É professor e pesquisador nas Faculdades de Campinas - Facamp. É colunista do Brasil Debate

 
Vinícius Gaspar Garcia

Considerações sobre a Lei da Inclusão da Pessoa com Deficiência

Mesmo não sendo demanda do movimento social das pessoas com deficiência, o projeto de lei é um marco. E, mais importante do que sua sanção definitiva é acompanhar a efetivação prática dos direitos e garantias legais conquistados por essa parcela da população

16/04/2015

A Câmara aprovou, no início de março, o projeto de Lei 7.699/06 que institui a Lei Brasileira de Inclusão (LBI) da Pessoa com Deficiência. O projeto ainda terá que ser votado no Senado, mas a aprovação na Câmara é um marco e encerra um processo que vem desde o ano 2000, quando o senador Paulo Paim (PT-SP) propôs a criação do “Estatuto do Portador de Deficiência”.

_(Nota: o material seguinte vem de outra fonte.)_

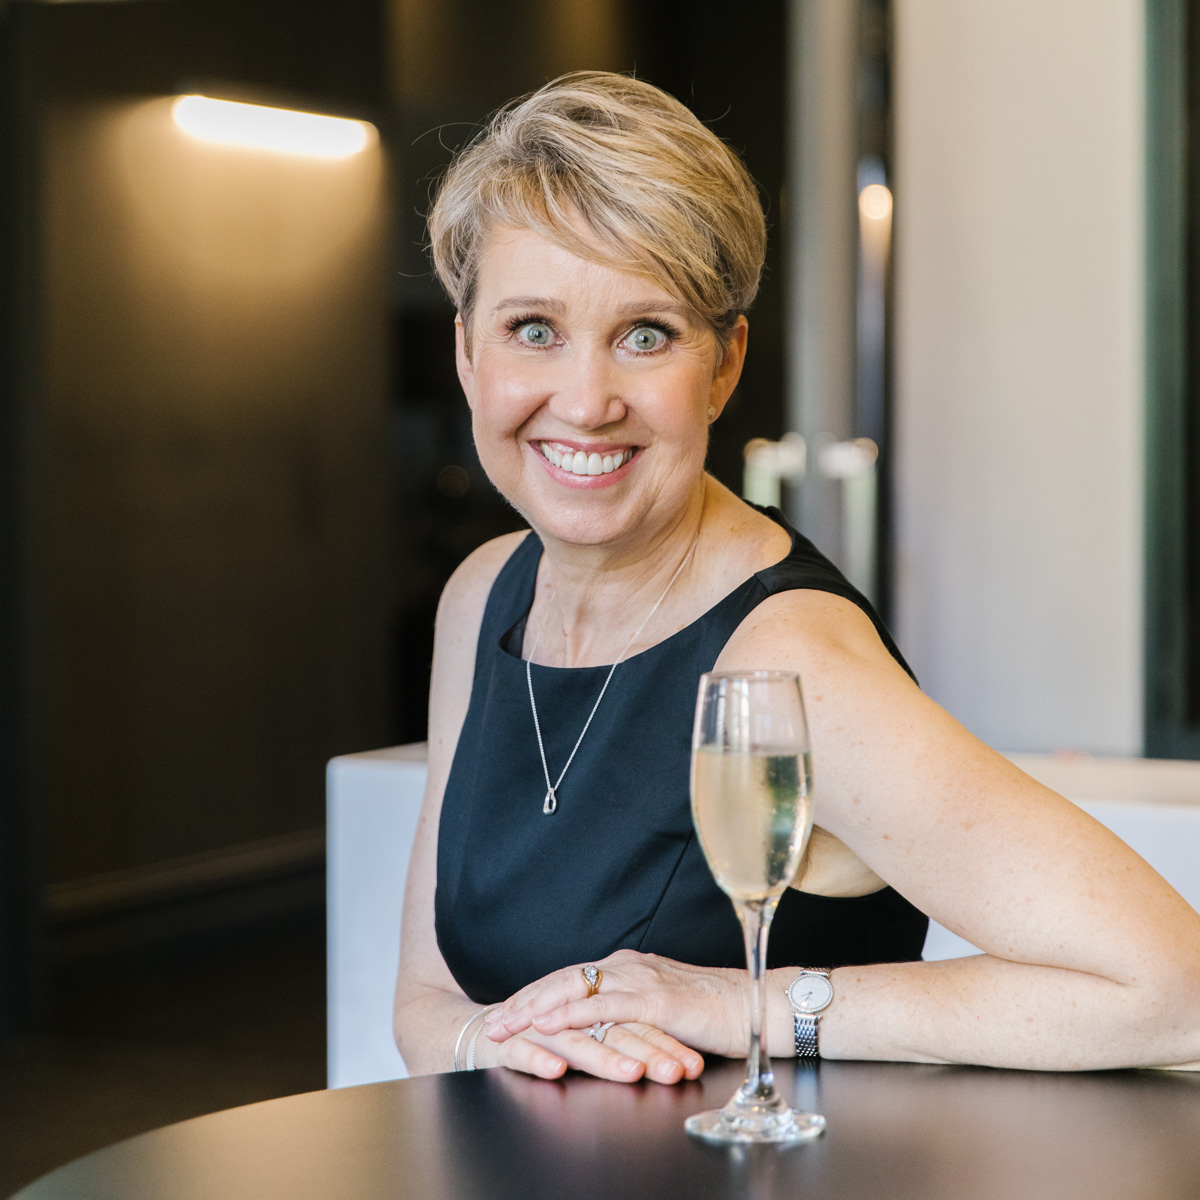 A photo of Sinja seated at a table with a glass of champagne looking at the camera.

Em um ato simbolicamente importante, a LBI teve como relatora a deputada Mara Gabrilli (PSDB-SP), pessoa com deficiência física (tetraplegia).

Embora consolide direitos previstos em outras legislações, algumas considerações devem ser feitas em relação à LBI. Em primeiro lugar, é preciso registrar que a iniciativa de criação de uma legislação específica, na forma de um Estatuto, não foi uma demanda do movimento social das pessoas com deficiência.

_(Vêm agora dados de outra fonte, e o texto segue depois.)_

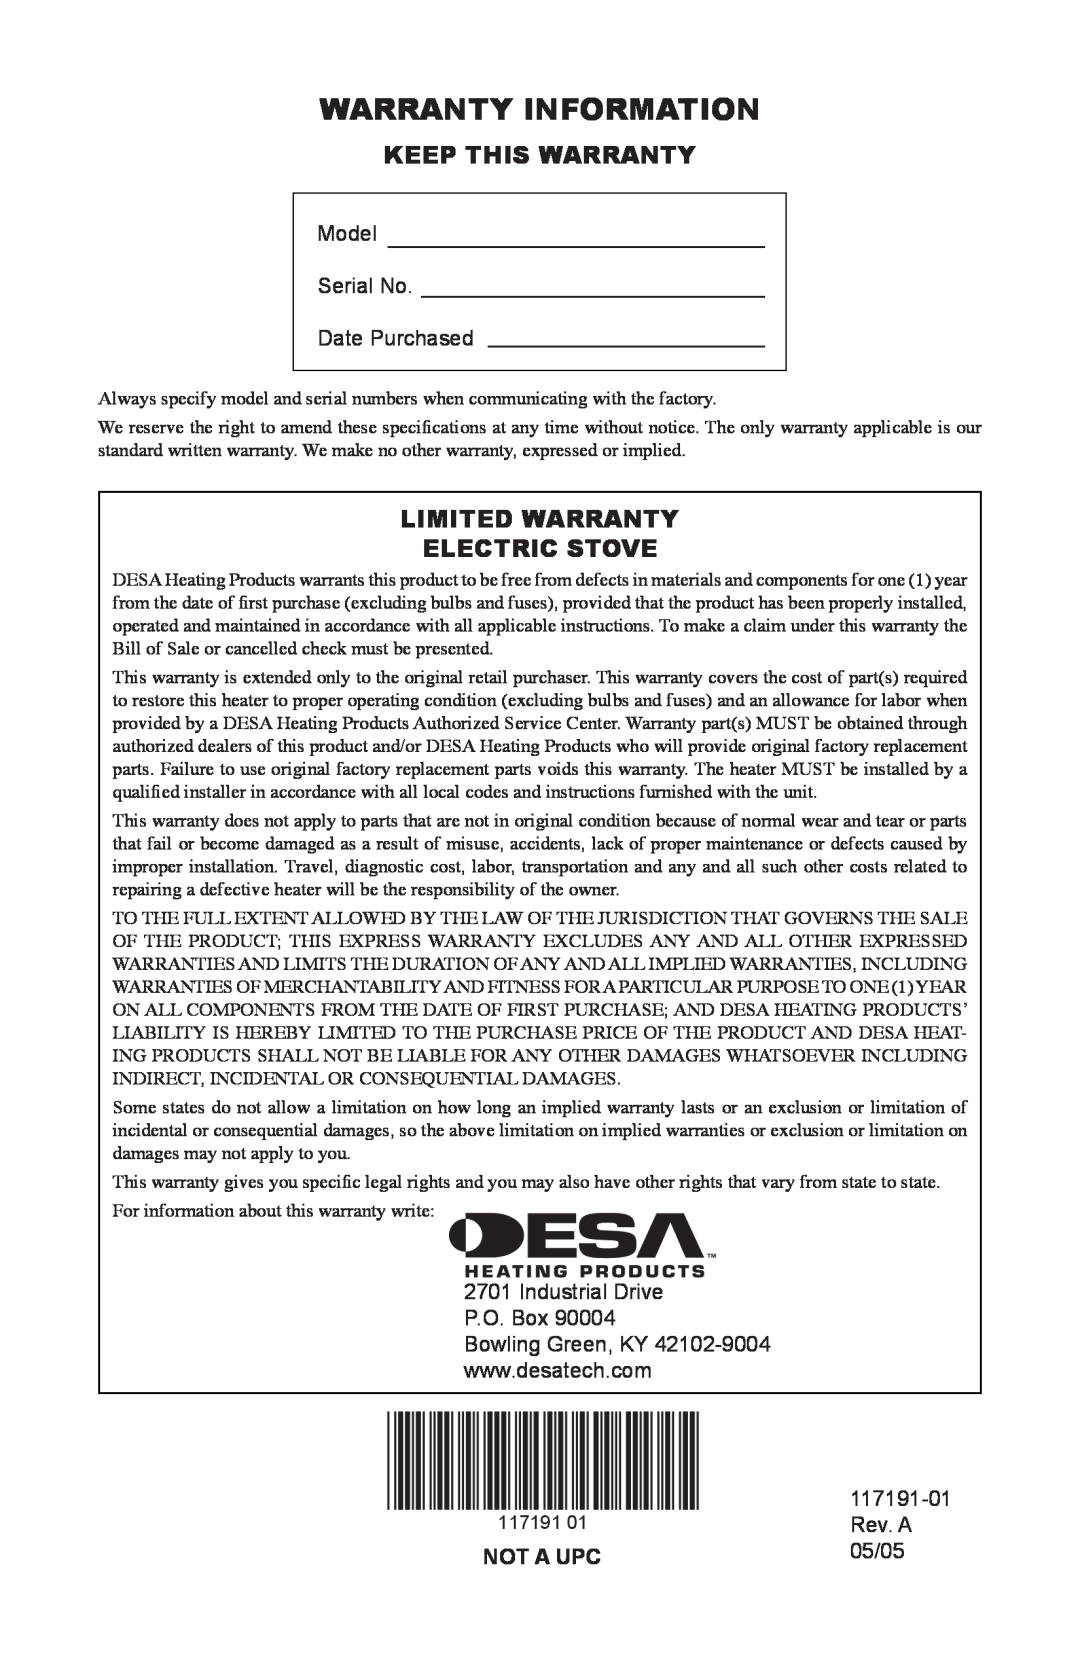 Desa CGESBM operation manual Warranty Information, Keep This Warranty, Limited Warranty Electric Stove, Not A Upc

Retrocedendo na história, durante as discussões sobre a Constituição de 1988, cogitou-se a possibilidade de elaboração de um capítulo único com os direitos das então chamadas pessoas portadoras de deficiência. A ideia foi rechaçada pelos militantes com deficiência da época, defendendo a visão de que as garantias legais para este segmento deveriam estar ao longo da carta constitucional, o que acabou ocorrendo.

No início dos anos 2000, foi com surpresa que se ouviu a notícia de que o senador Paulo Paim (PT-SP), assim como havia feito para outros grupos populacionais, propunha a criação de um Estatuto exclusivo para as pessoas com deficiência. Ademais, o projeto original tinha falhas que iam desde a terminologia inadequada até propostas que, se aprovadas, reforçariam a tutela e o assistencialismo para lidar com este temática.

Houve, então, intensa mobilização para que a iniciativa fosse revista ou, ao menos, melhor formulada. Mesmo com a resistência de parte do movimento social, o projeto foi adiante e nos últimos 15 anos ocorreram avanços e aperfeiçoamentos no texto da legislação agora aprovada. Porém, este registro histórico deve ser sempre lembrado quando se discute a LBI.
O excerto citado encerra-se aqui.